LangChain Output Parsers try to fix this, yet they fall short by either requiring extra LLM calls, or relying on cumbersome or hard to test regex and string parsing.

We can use Semantic Router’s Splitters and Routes together to efficiently and deterministically trim out unwanted text or unify disjointed paragraphs.

Let’s lead with an example: Assume you have an article generated by an LLM, but the LLM has leaked instructions into the output. There is only one paragraph, so it is even harder to split out the leaks from the content:

China’s Table Tennis Star Dethroned from Paris Olympics After Years of Underperformance. In an unexpected turn of events, Chinese table tennis star Wang Yidi has been declared ineligible to compete in the women’s singles event at the 2024 Paris Olympics, according to news circulating on Weibo, a Chinese microblogging platform. […] End of article. Word count: 803 Note about the images: There were no included images in the original text. The images referenced were descriptions of matches and events, which were not included in the text provided.
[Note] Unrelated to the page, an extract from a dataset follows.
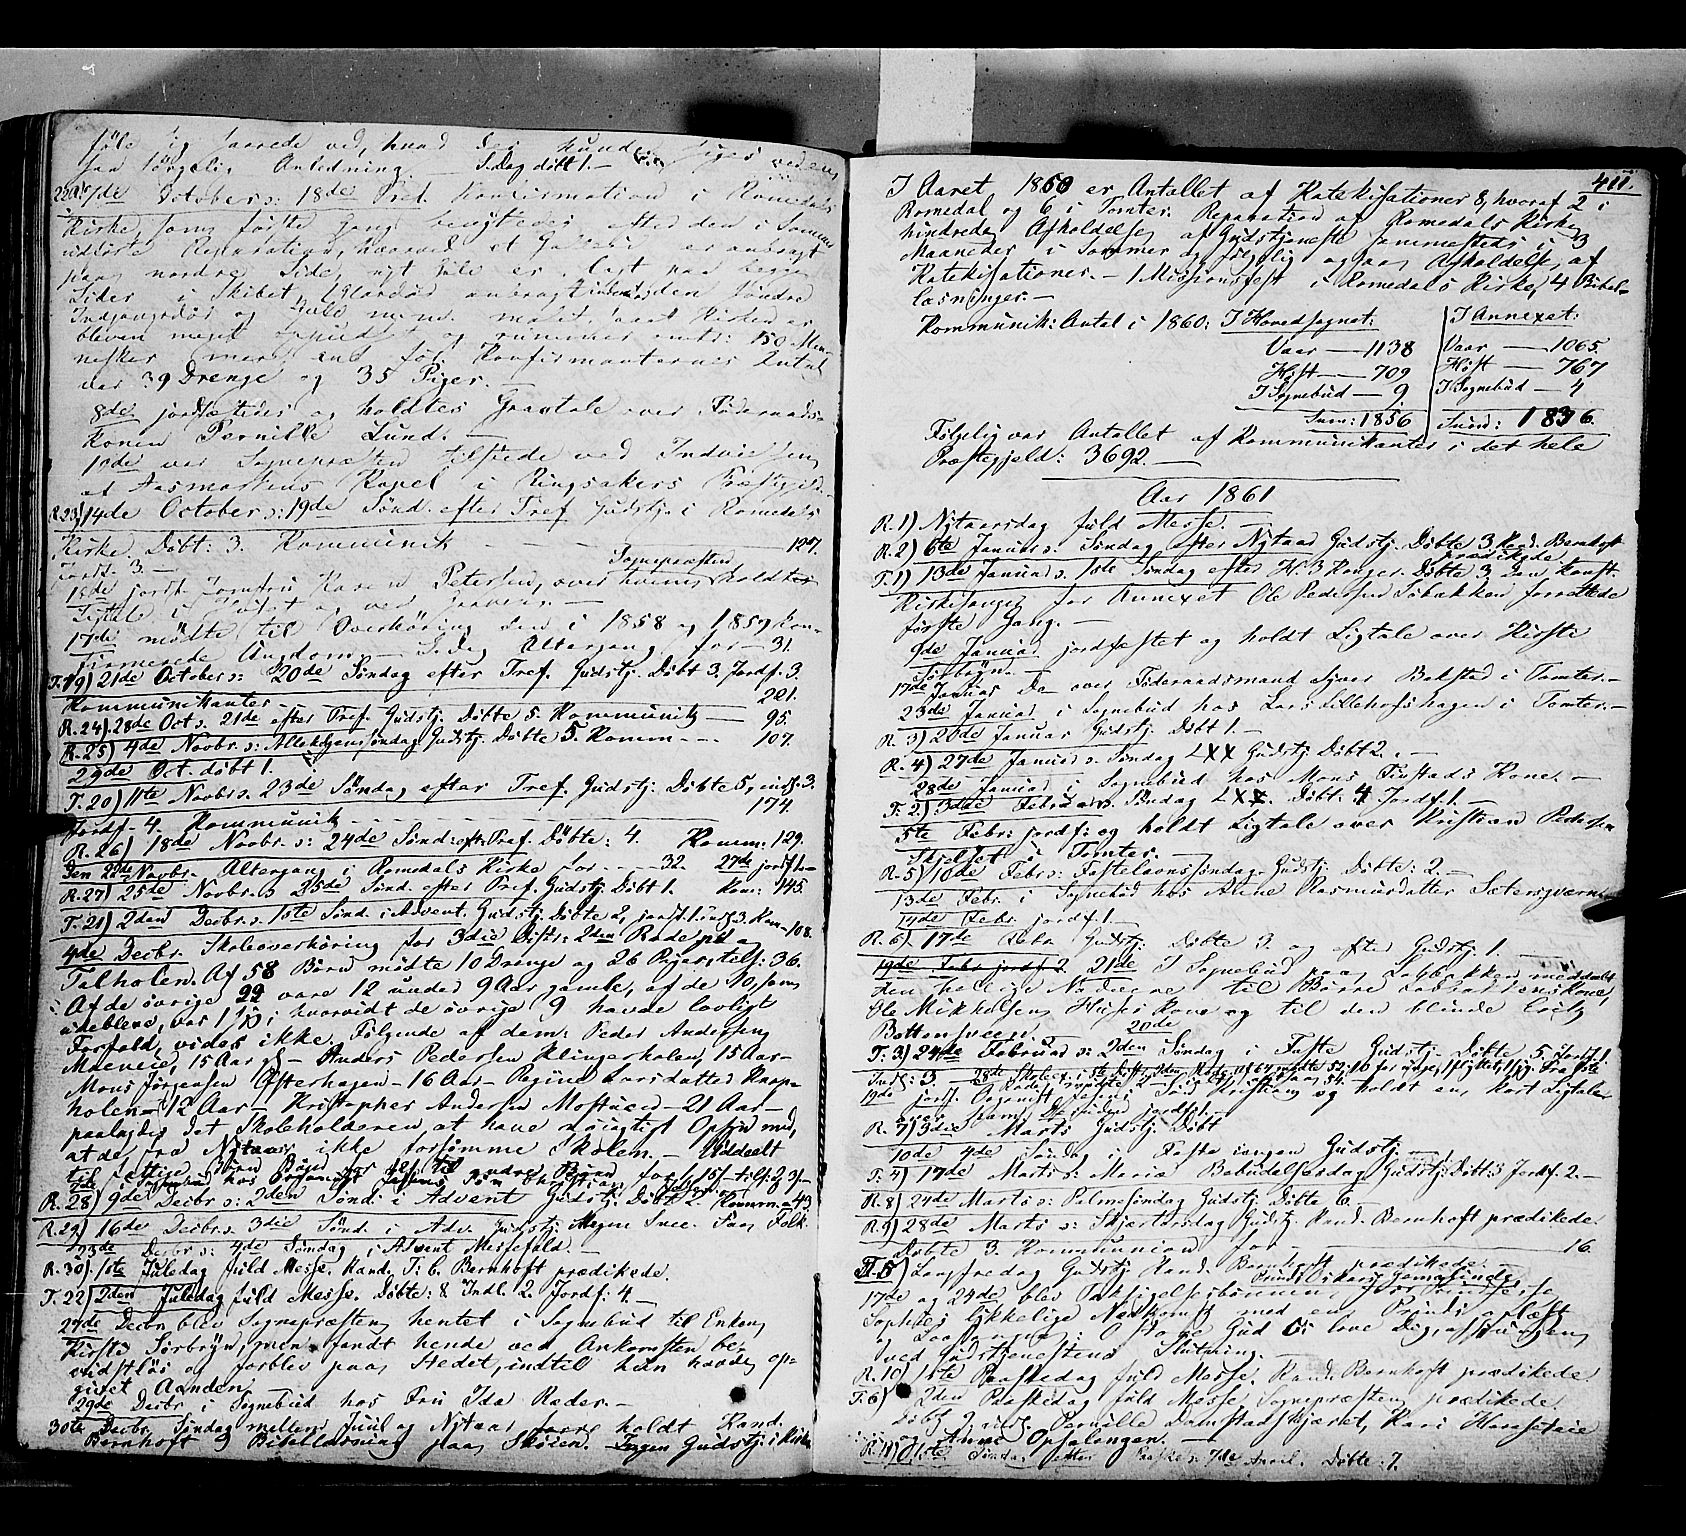 SAH, Romedal prestekontor, K/L0004: Ministerialbok nr. 4, 1847-1861, s. 411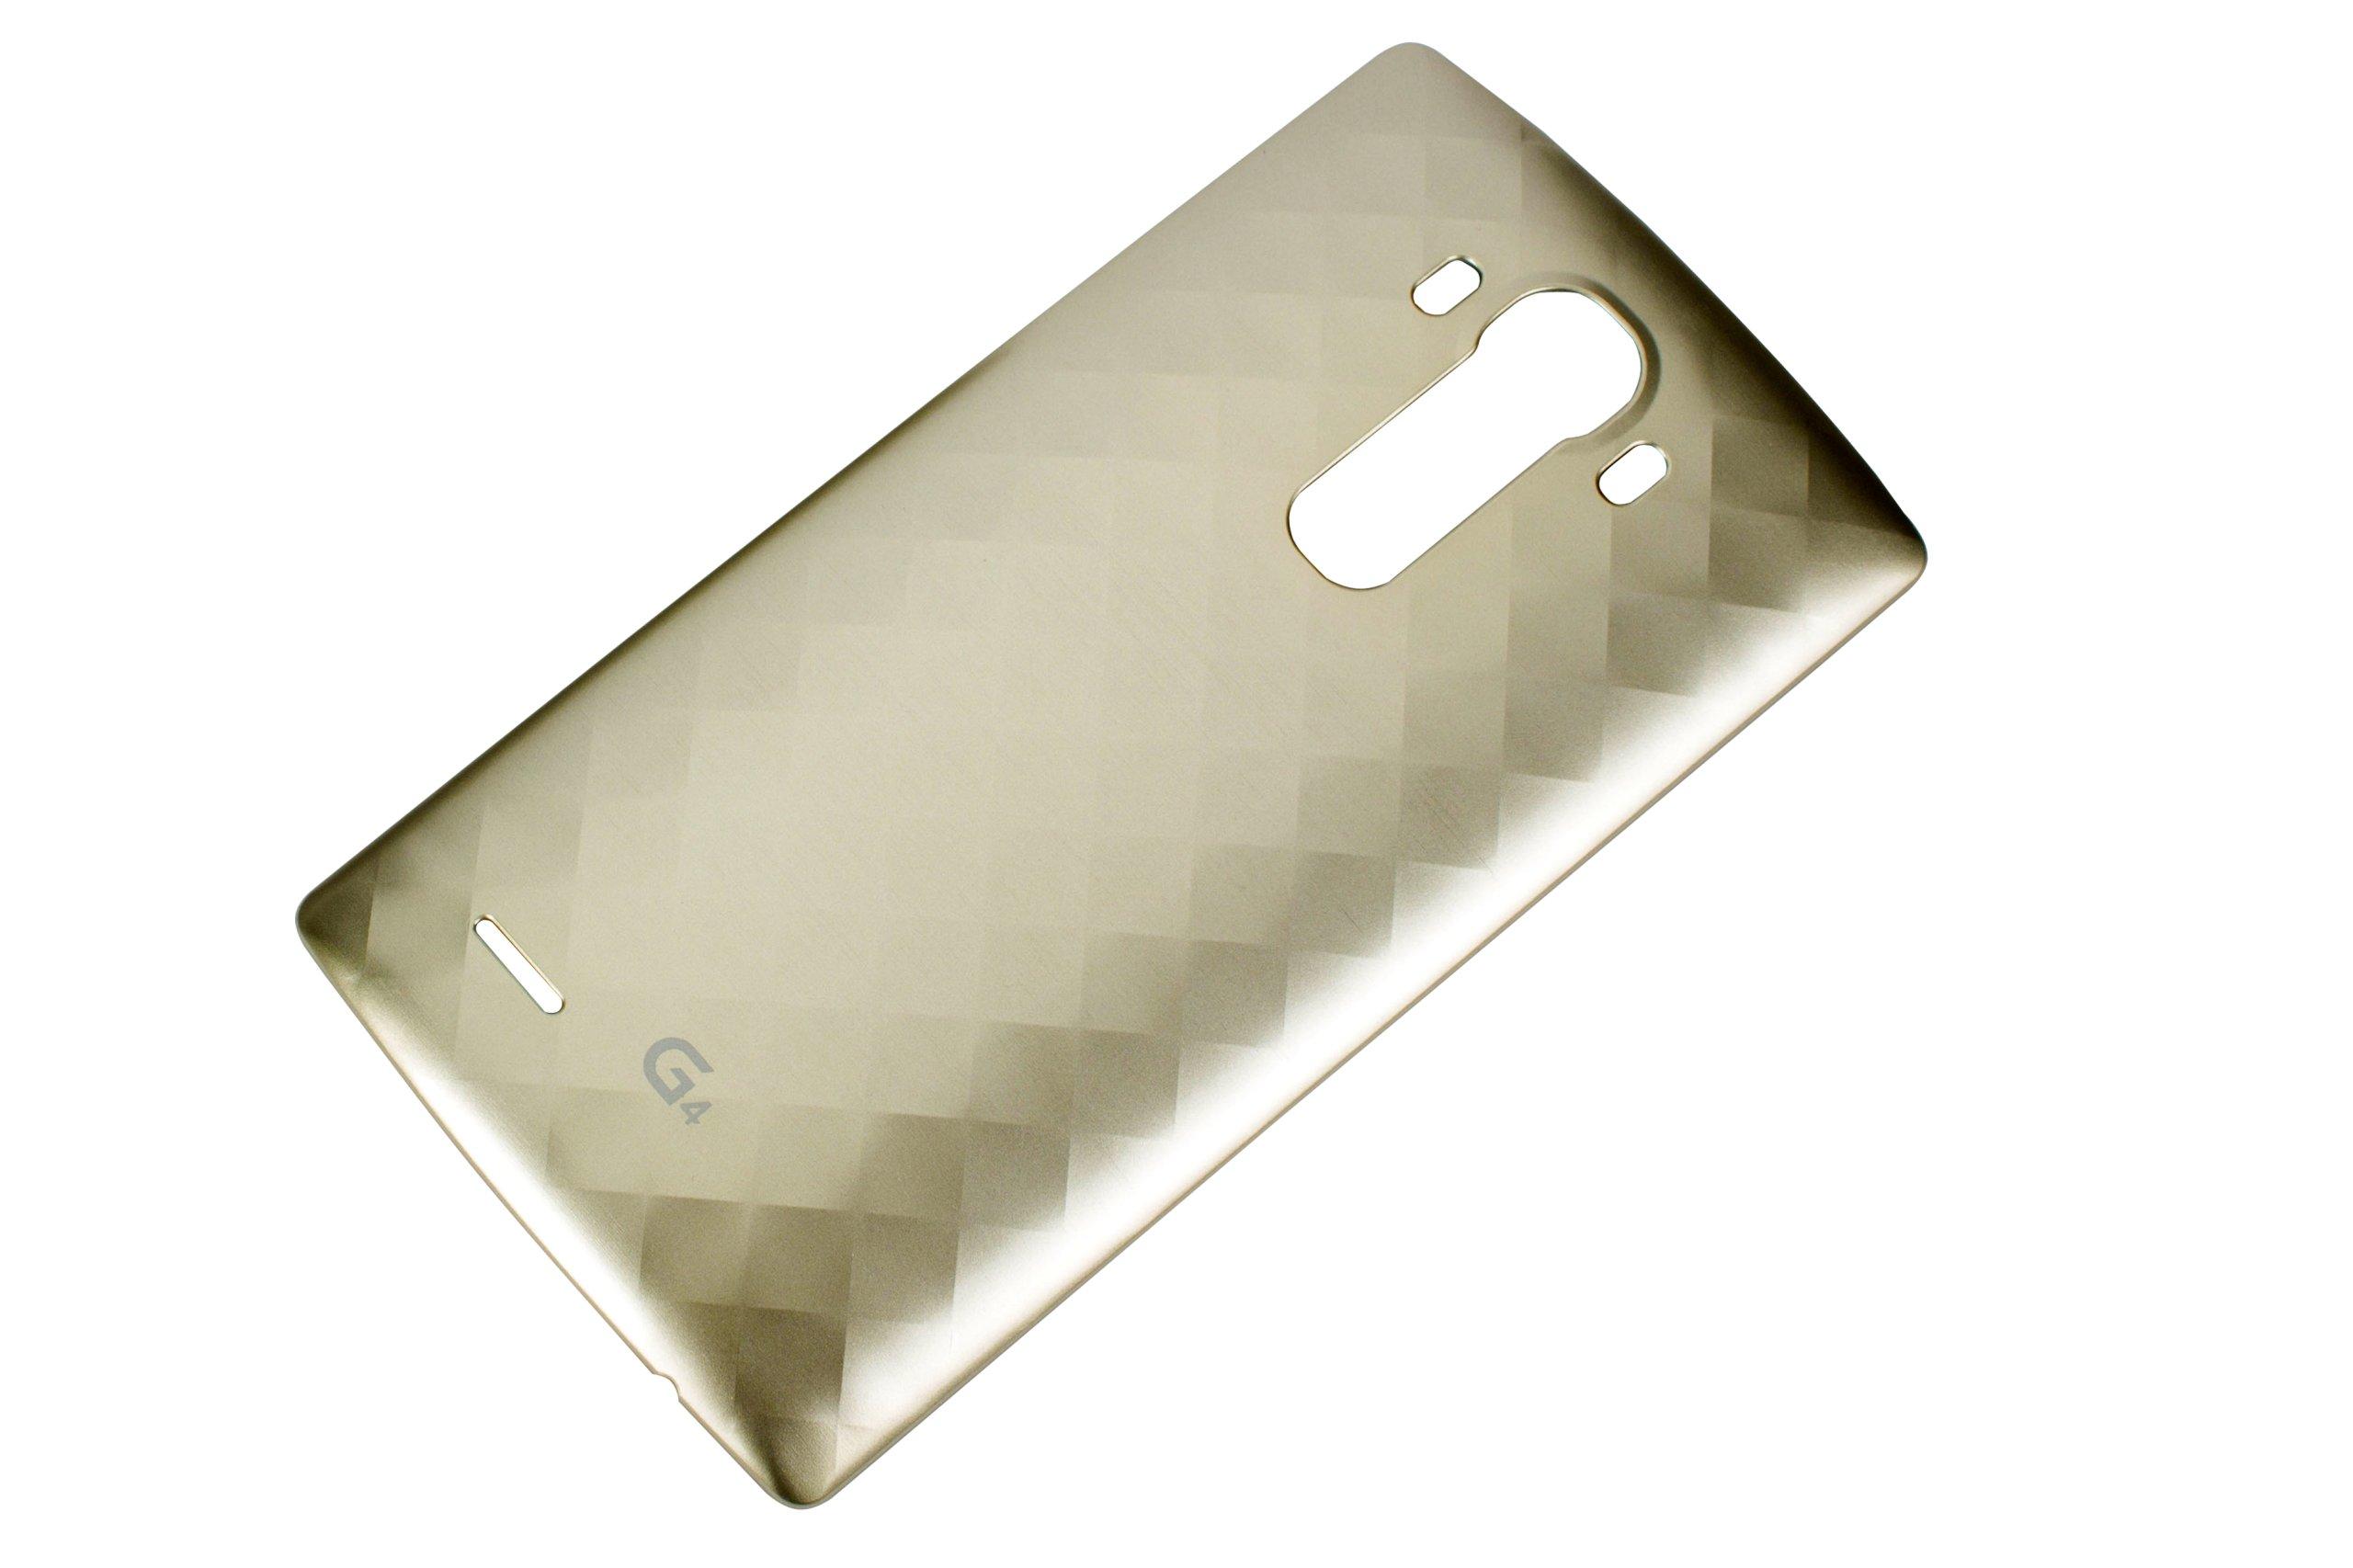 LG G4 H815 H818 OBUDOWA TYLNA KLAPKA BATERII

We instructed the model to write at least 800 words, and describe the images it’s been provided. We can see the model leaking its instructions in the output.

Let’s split the article based on semantic similarity, so that we can trim out these leaks:

from semantic_router.encoders import HuggingFaceEncoder
from semantic_router.splitters import RollingWindowSplitter

encoder = HuggingFaceEncoder(name="intfloat/e5-large-v2", ...)
splitter = RollingWindowSplitter(
    encoder=encoder,
    ...
    window_size=3,  # window size of 3 sentences
    plot_splits=True,
)

Semantic Splitters follow the sequential semantic similarity in a collection of utterances. This allows us to group a collection of utterances by similarity, where a sequential drop in similarity denotes a cutoff point for a group of utterances. A good analogy for this mechanism is a paragraph: a paragraph can be composed of multiple sentences, with the sentences within the paragraph having a high similarity to each other by virtue of describing the same general concept. A new paragraph signals a change in the subject being discussed, and therefore a decrease in similarity between the last sentence of the former paragraph and the first sentence of the current paragraph.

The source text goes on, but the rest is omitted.